Uma das lições mais admiráveis do budismo é a
prática do desapego. Exercício que não é para qualquer um uma vez que requer do
espírito disciplina no contentamento com nada.
Um exemplo do quão difícil é desfazer-se das coisas materiais e atingir o nirvana é contemplar uma casa velha e abandonada.
Passamos por ela e lembramos que ali nascem, vivem, lutam e morrem gerações inteiras,
todas, direta ou indiretamente, com apego àquele imóvel que, querendo ou não, deixaram
para trás com a chegada da velhice, da civilização ou da morte.
Com o passar dos anos os donos também passam.
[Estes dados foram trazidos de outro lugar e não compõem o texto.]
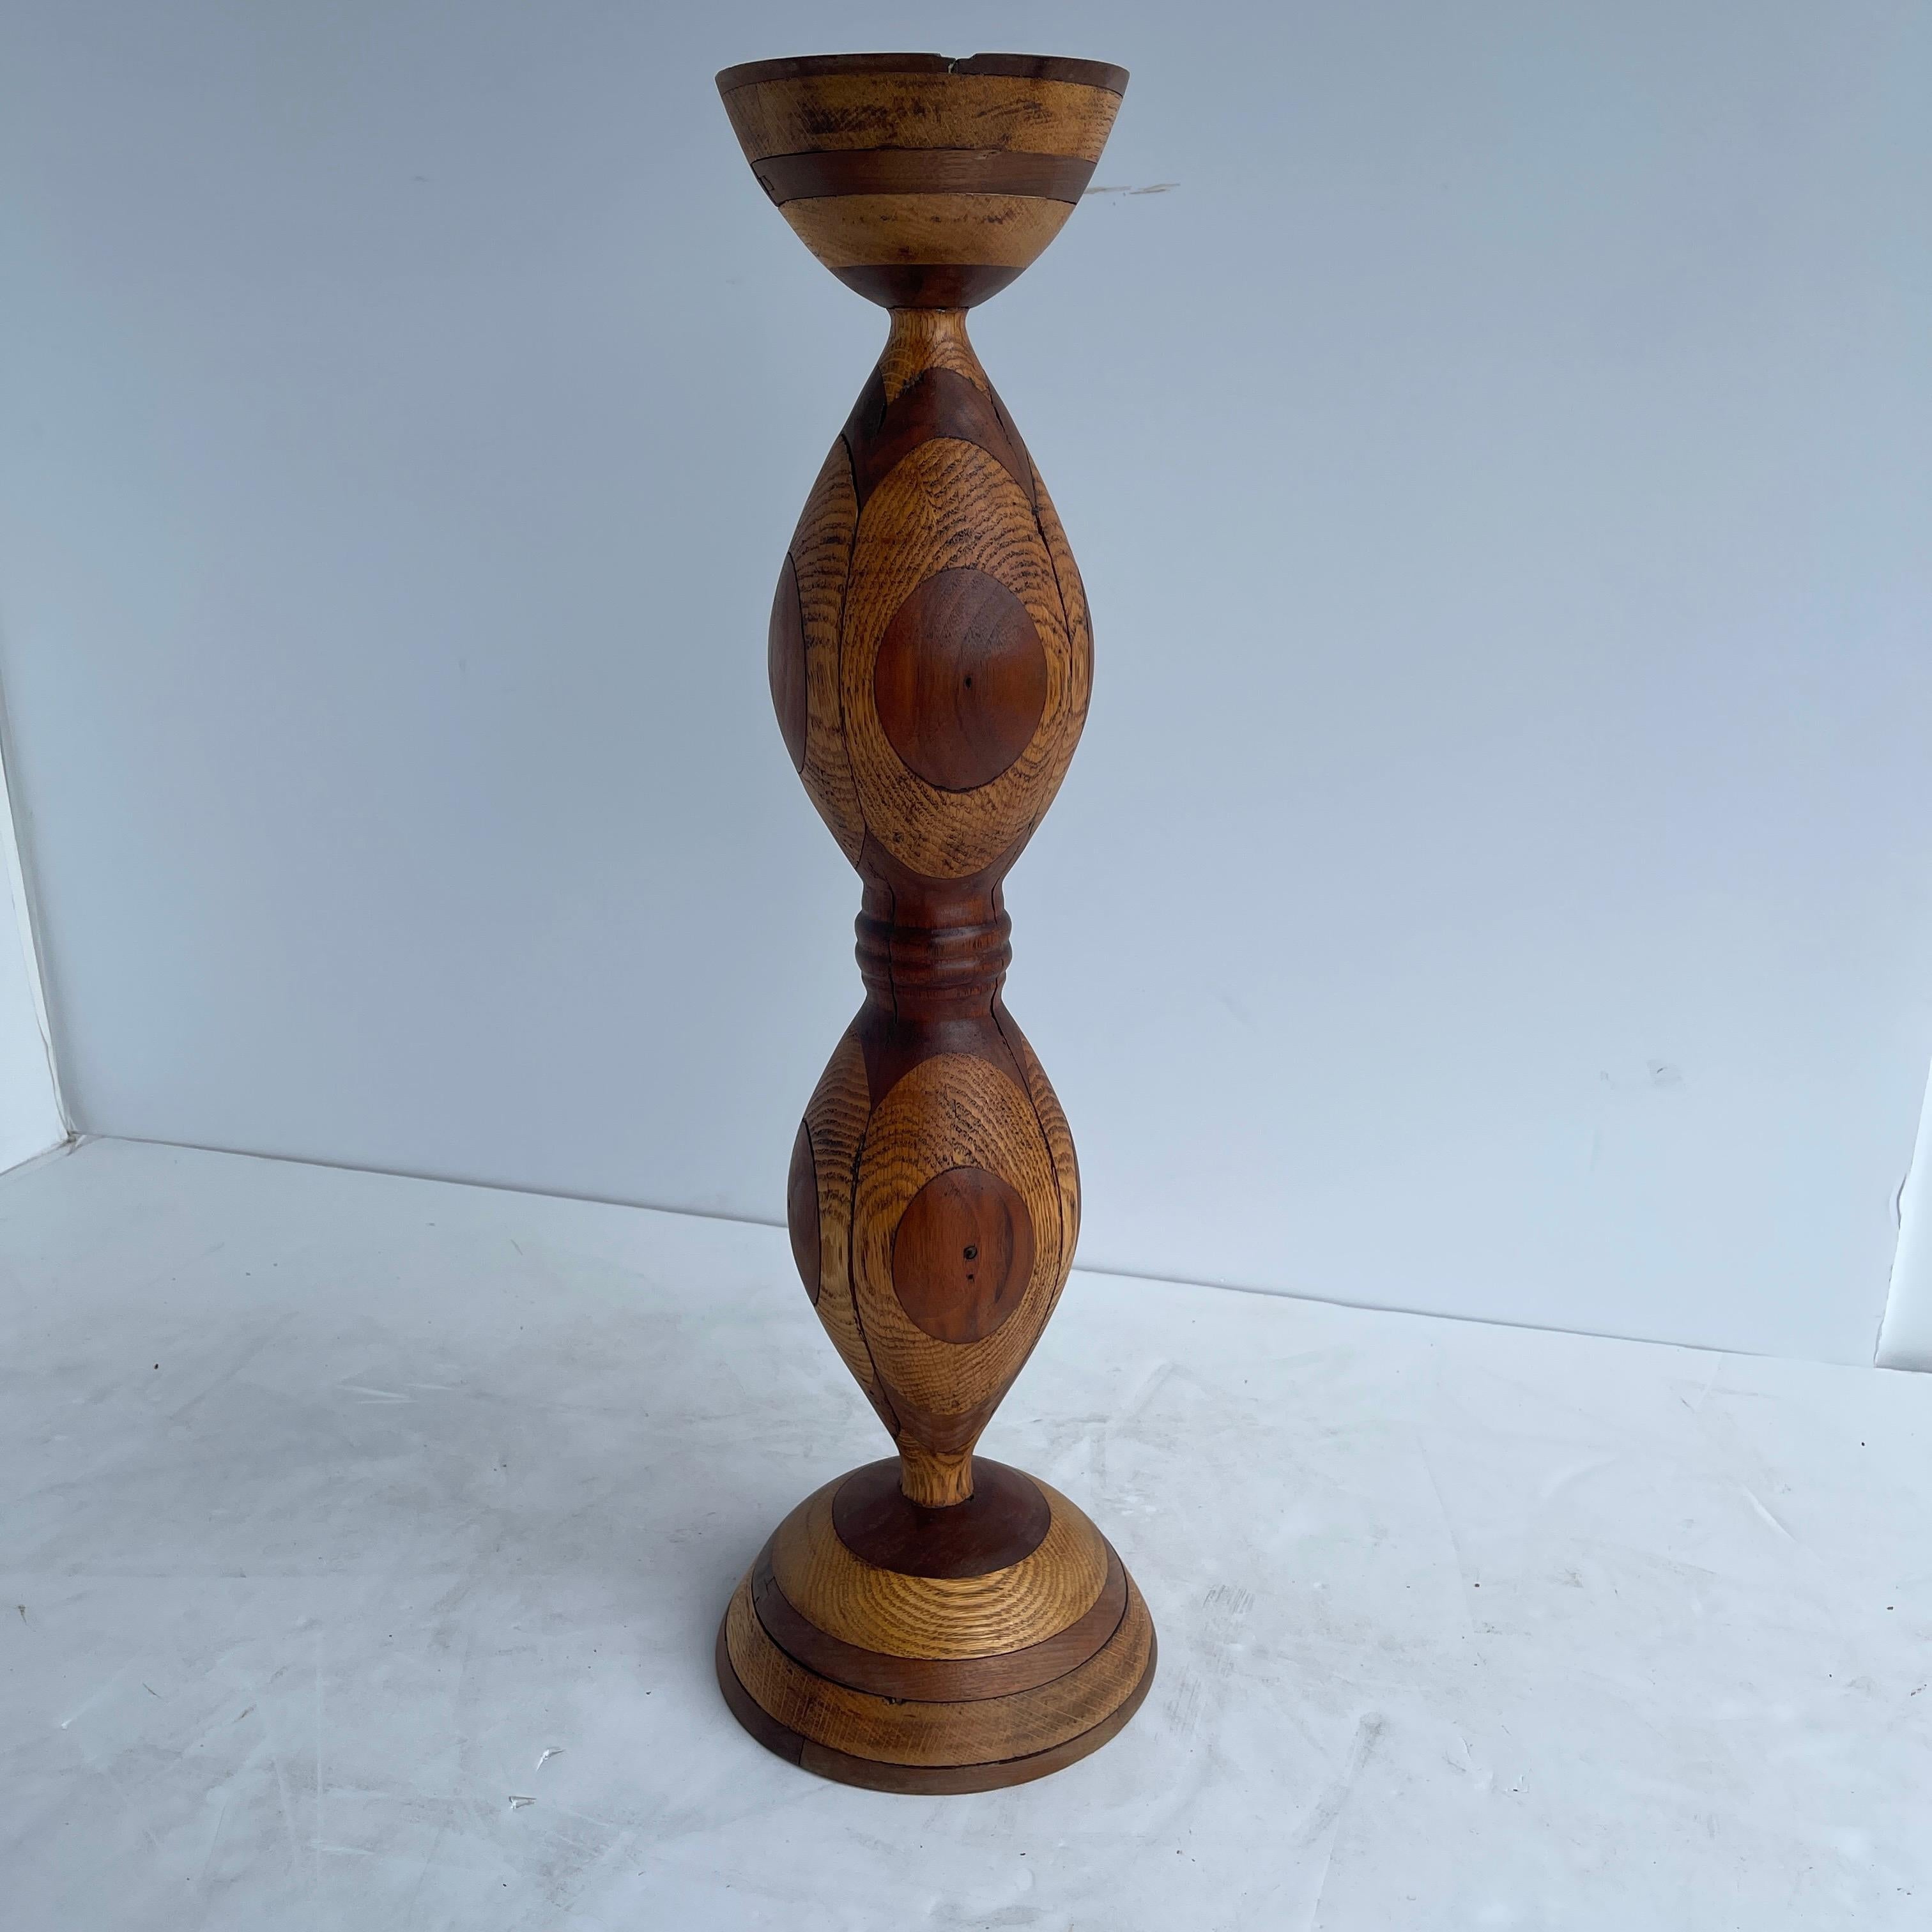 Probably French handcrafted multiple wooden ashtray stand. Tall and sturdy this floor stand ashtray has beautiful wood inlay. Could also be used as a candleholder.

São
outros os apegos e tradições e o velho verga-se para dar passagem ao novo. Este,
na ilusão de ser eterno, vira as costas ao passado moribundo de beira de
estrada ou dos fundões de alguma região, a qual é questão de tempo ser
descoberta por especuladores. Se não fosse assim não haveria os grandes centros
com suas torres de concreto batendo no céu como a esnobar dos mortos esquecidos
no monturo de demolição cá embaixo.
Duas vezes ao mês faço o mesmo percurso rumo ao sebo
Cafundó Café & Arte, em Jaçanã (RN), e passo em frente ao sítio de um tio
avô, Zé Casado, na comunidade Riacho Salgado, entre Santa Cruz e Coronel
Ezequiel (RN). Fico olhando pela janela do ônibus a tapera, cuja destruição se
aprofunda a cada dia e temo pelo desmoronamento total antes de registrar algumas
fotos do espólio. Mas graças à última viagem ter sido feita com meu irmão Deda Barros,
pude descer do carro e fotografar o imóvel de tio Zeca e de sua mulher Zefa,
falecidos de velhice em residência fixa na cidade. Os filhos, netos e bisneto
deixaram a propriedade para trás e foram também viver em centros urbanos. Hoje não
se sabe quem são os donos da terra com o casebre insistentemente de pé, pois
caminha para o seu segundo século mesmo com a estrutura capenga.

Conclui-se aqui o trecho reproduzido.